En plus du faible niveau de jeu au début de saison et des productions insuffisantes à l'extérieur des joueurs ont décu. Grégory Vignal, prêté par Liverpool, n'aura fait qu'un aller-retour et ne laissera aucune trace dans les esprits rennais. Si ce n'est celle d'un mauvais camarade. Le retour du Brésilien Sévérino Lucas n'a été, également, que passager. Les dés étaient pipés et il a fait les frais de sa chère image sans qu'il ait réellement pu démontrer sa valeur réelle. A Rennes, on regrettera surtout l'homme. Pour ceux qui sont toujours au club, Vairelles et Piquionne sont les deux "bides" des matches aller. Tony Vairelles voulait rejouer à Rennes avec un entraîneur qui l'a lancé à Nancy. Pour l'instant, l'échec est total. L'ancien Lensois ne semble plus avoir les jambes pour passer outre ses années de compétition. Surtout, il n'accepte plus de se remettre en cause et parle plus à la presse qu'il ne faudrait. Persuadé d'être toujours un grand joueur, il ne supporte pas d'être remplaçant. En conséquence, son départ du club est peut-être pour bientôt.

Le cas de Frédéric Piquionne est encore plus épineux. Divisant les supporters, Piquionne est capable du meilleur (buts superbes et chevauchées fantastiques) comme du pire (un jeu très confus et non collectif). A l'orée de cette saison, à l'écoute de ses dires : «Je veux marquer quinze buts et je songe à l'équipe de France» , on pouvait s'attendre au meilleur... On a eu le pire. Avec deux buts à son compteur en dix-neuf matches, une expulsion due à son altercation avec un supporter et des performances dans l'ensemble pitoyables dans l'esprit et la forme, son bilan est catastrophique. Son honorable match contre Monaco avant la trêve est-il synonyme d'un sursaut ? De cela, dépend sûrement la bonne fin de saison du Stade Rennais. A moins que le mercato ne change certaines donnes.

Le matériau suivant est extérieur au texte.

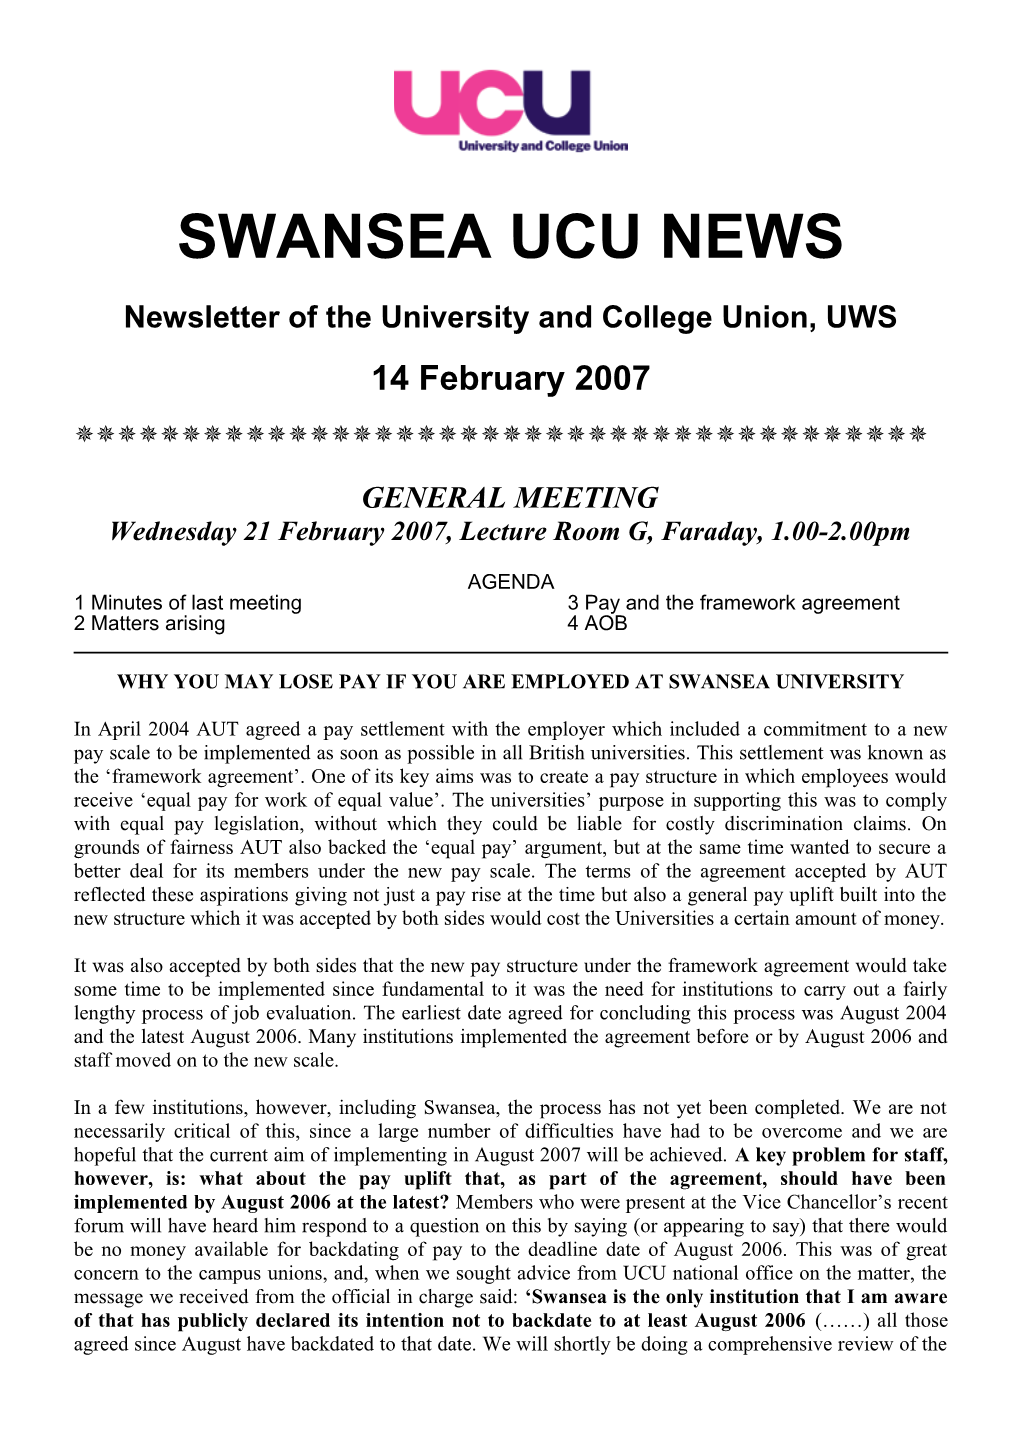 Newsletter of the University and College Union, UWS

Le mercato et le programme à venir

Le Stade Rennais a déjà enregistré avec bonheur le recrutement de l'international suèdois Kim Källström. Agé de vingt-et-un ans, ce puissant milieu offensif, 1,85 m, possède toutes les qualités (technique, vista et frappe de balle) pour améliorer singulièrement le jeu et la dernière passe des «rouge et noir» . Un élément indispensable pour enfin obtenir des victoires à l'extérieur. Pour le reste, les arrivées éventuelles dépendront des départs. Si Delaye, en fin de contrat à la fin de saison, a obtenu son bon de sortie, Sorlin et Vairelles, très peu utilisés, pourraient également en faire de même. Ils seraient alors remplacés par un ou deux jeunes étrangers. La venue d'un attaquant serait sûrement la première envisagée. Petr Cech, convoité par Chelsea, Arribagé, par Toulouse, et Piquionne, par nombre de clubs européens de bas de tableaux, resteront au club.

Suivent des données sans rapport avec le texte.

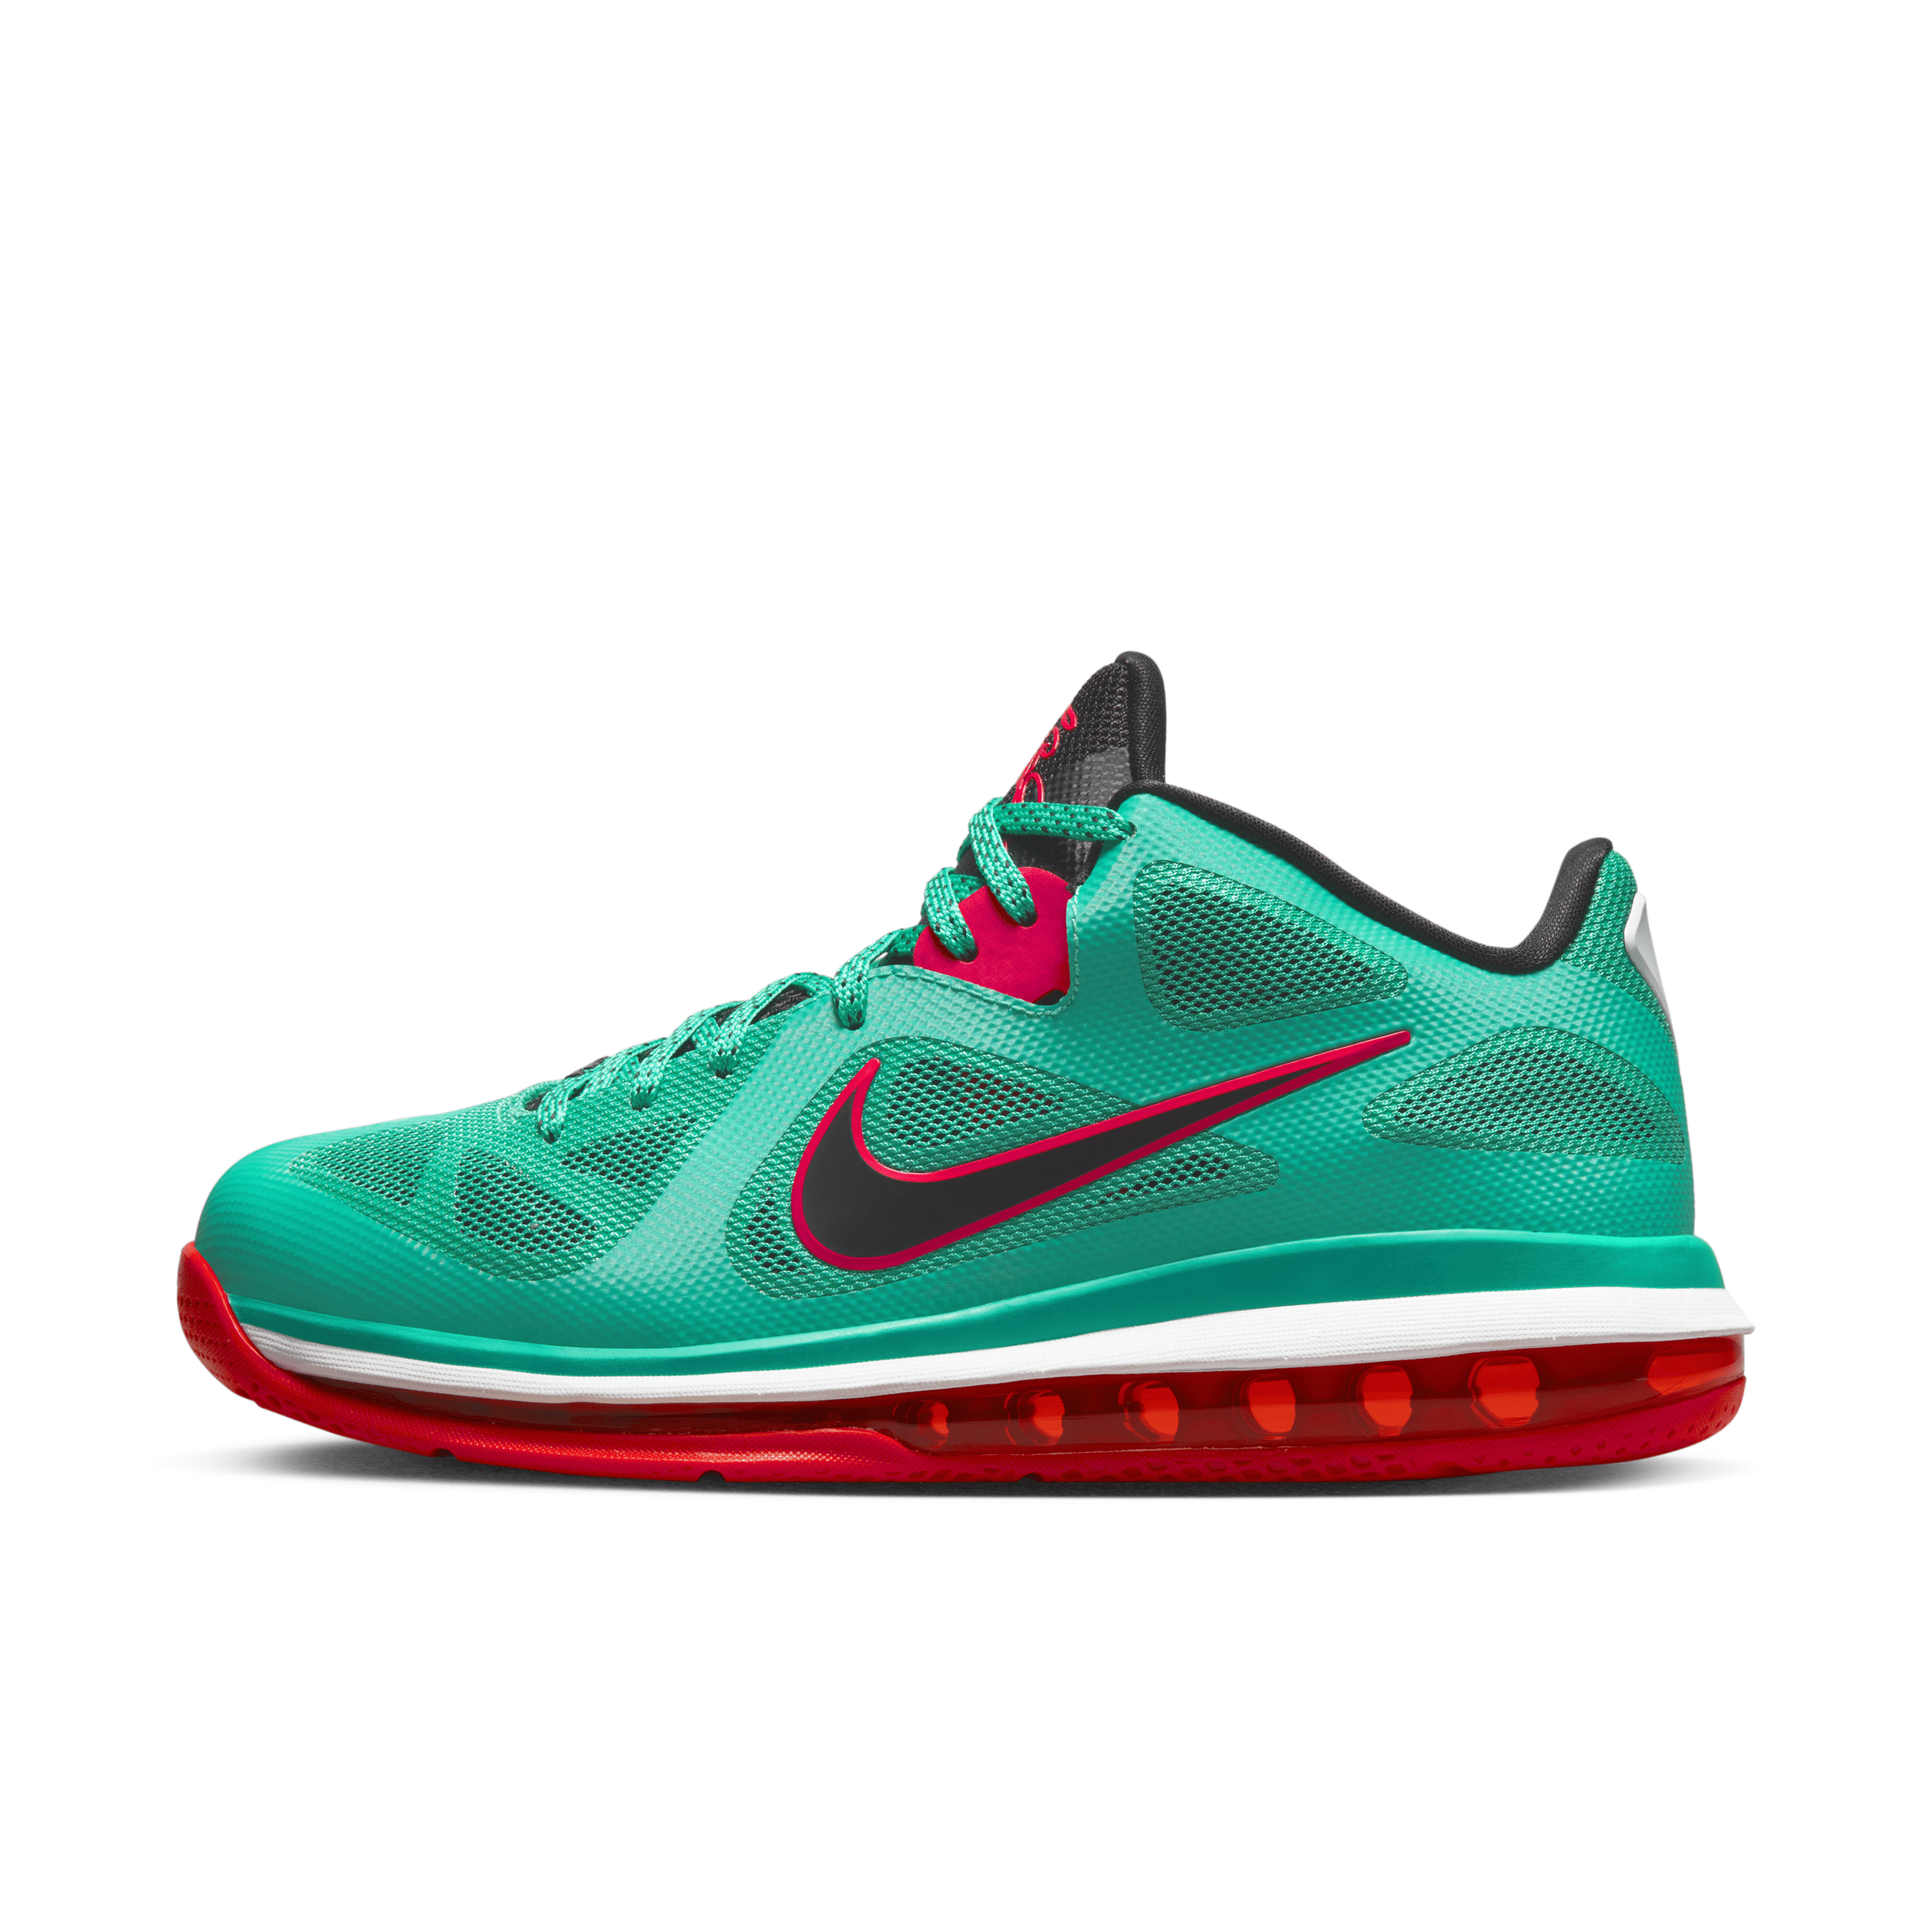 Nike Men's Lebron 9 Low Shoes (New Green/Action Red/White/Black) $115 + Free Shipping

Pour cette deuxième partie de saison, le Stade Rennais cherchera avant tout à poursuivre sa progression collective. L'apport de Källström et le retour en grâce de Piquionne pourraient l'autoriser à voir plus haut dans le classement même si une place en intertoto reste sûrement sa limite actuelle. Pour cela, il faudra enfin gagner à l'extérieur, le prochain déplacement à Toulouse étant l'occasion rêvée. Les Rennais recevront ensuite Sochaux (le 17), puis iront disputer le derby à Guingamp (le 31). Entre temps, ils essaieront d'égayer leur saison en tentant d'aller se qualifier à Croix-de-Savoie (CFA) pour le compte des seizièmes de finale la Coupe de France.

Le stade de la Route-de-Lorient, fort de ses 31000 places, sera inauguré avant la fin de saison. Une belle opportunité de faire un beau parcours lors de cette deuxième partie de championnat. Les prémices favorables de la fin 2003 autorisent les supporters à croire en leur équipe et à la politique du club. Il serait bien temps, qu'enfin, les promesses d'une grande équipe à Rennes commencent à voir le jour en cette année 2004.